Friday, 5 July 2019

Flying Bricks and Twisting Towers: Projection Mapping Drinking Game

You know projection mapping, the technique where video is projected on a (usually 3D, large) surface, often a facade of a building? Then the carefully planned image material changes the surface in amazing and magical ways and makes you go all oohh & aahh & WOW. Right?

In my opinion, that’s usually all they do. Mapping is a wonderful and exciting technique, which easily goes to waste when it's only used for showing how wonderful and exciting it is. I've seen quite interesting things done with it in smaller art works, but when it comes to large scale projection mapping, the art disappears in an avalanche of effects. Which are pretty much the same in all pieces.

Escherian stairs. A classic like Sex on the Beach.

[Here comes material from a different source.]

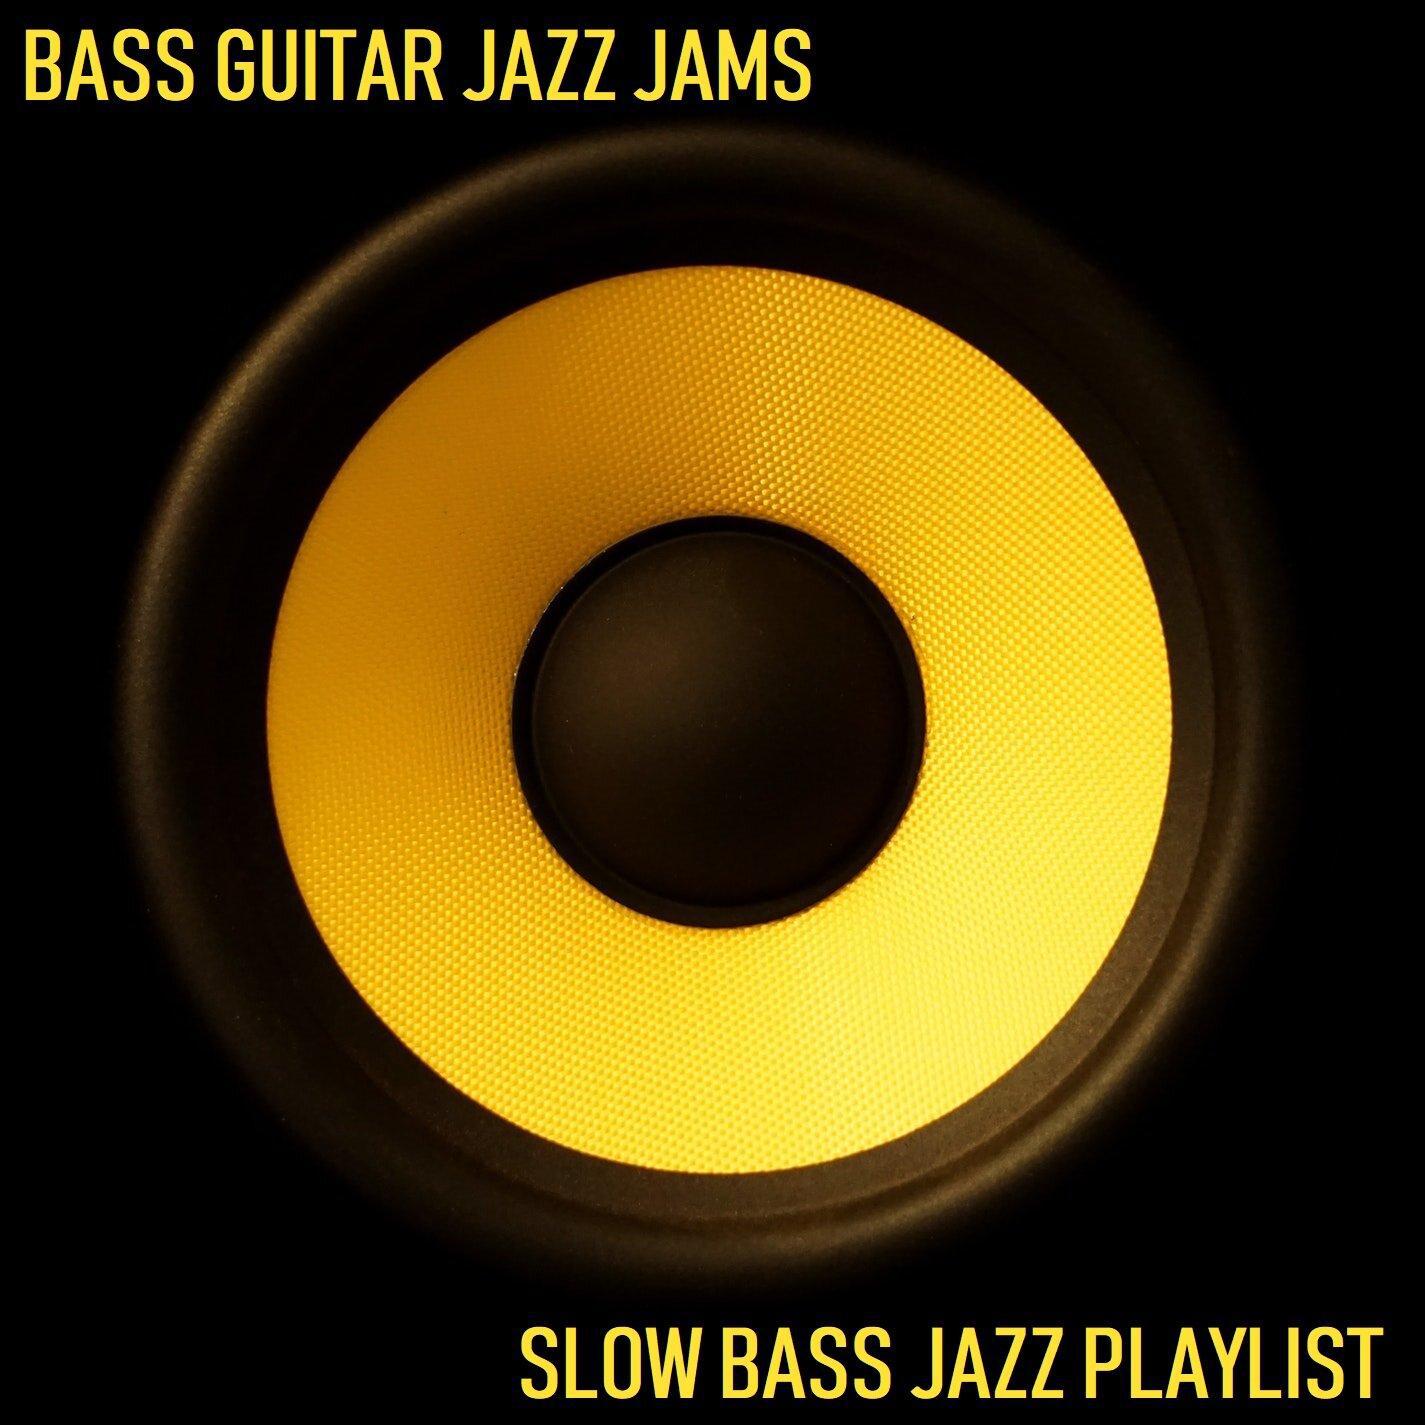 Slow Bass Jazz Playlist

As we say in Finnish: Eihän tätä kestä selvin päin, meaning I just can't take this shit sober. To help people getting drunk enough to stand the horreurs of generic projection mappings, here's a little drinking game. Have a sip every time one of these happens:

1. A tower or a column gets twisted like a screwdriver. Take two drinks, if this happens Rubik's cube style.
2. A planet or a meteor appears. Take two if it's Earth.
3. Building blocks of the house are reorganised. Take two if a wall comes tumbling down.
4. The surface of the building fluctuates. Take two if this happens to the beat of music.
5. Shadows move. Take two if it's only the building's statues' shadows.
6. Flames appear. Take two if the effect reminds you of Barad-dûr in the Lord of the Ring movies.
7. A plant or a forest grows in front of our eyes. Take two if there are also animals not exactly belonging to a forest, like a whale.
8. Music is dour, shamanistic techelectro (in absence of knowledge of the proper terms in the scene, an impromptu word here. If you've heard it, you know what I mean) or a ballet standard. Take two if it's Dance of the Knights by Prokofiev.
9. The pace of animation is too fast to concentrate on details. Take two if you missed an important turn in dramaturgy while blinking.
10. Take three drinks if you can imagine Albert Speer did this.

Drunk yet much?

A mordorian example of flames

It's obvious that large audiences are quite fond of this kind of entertainment (with or without a flask in their pocket), which is good for the arts and culture in general, of course. It’s nice when people are having fun. But still, I’m looking forward to the day, when there’s more to projection mapping than flying bricks and twisting towers.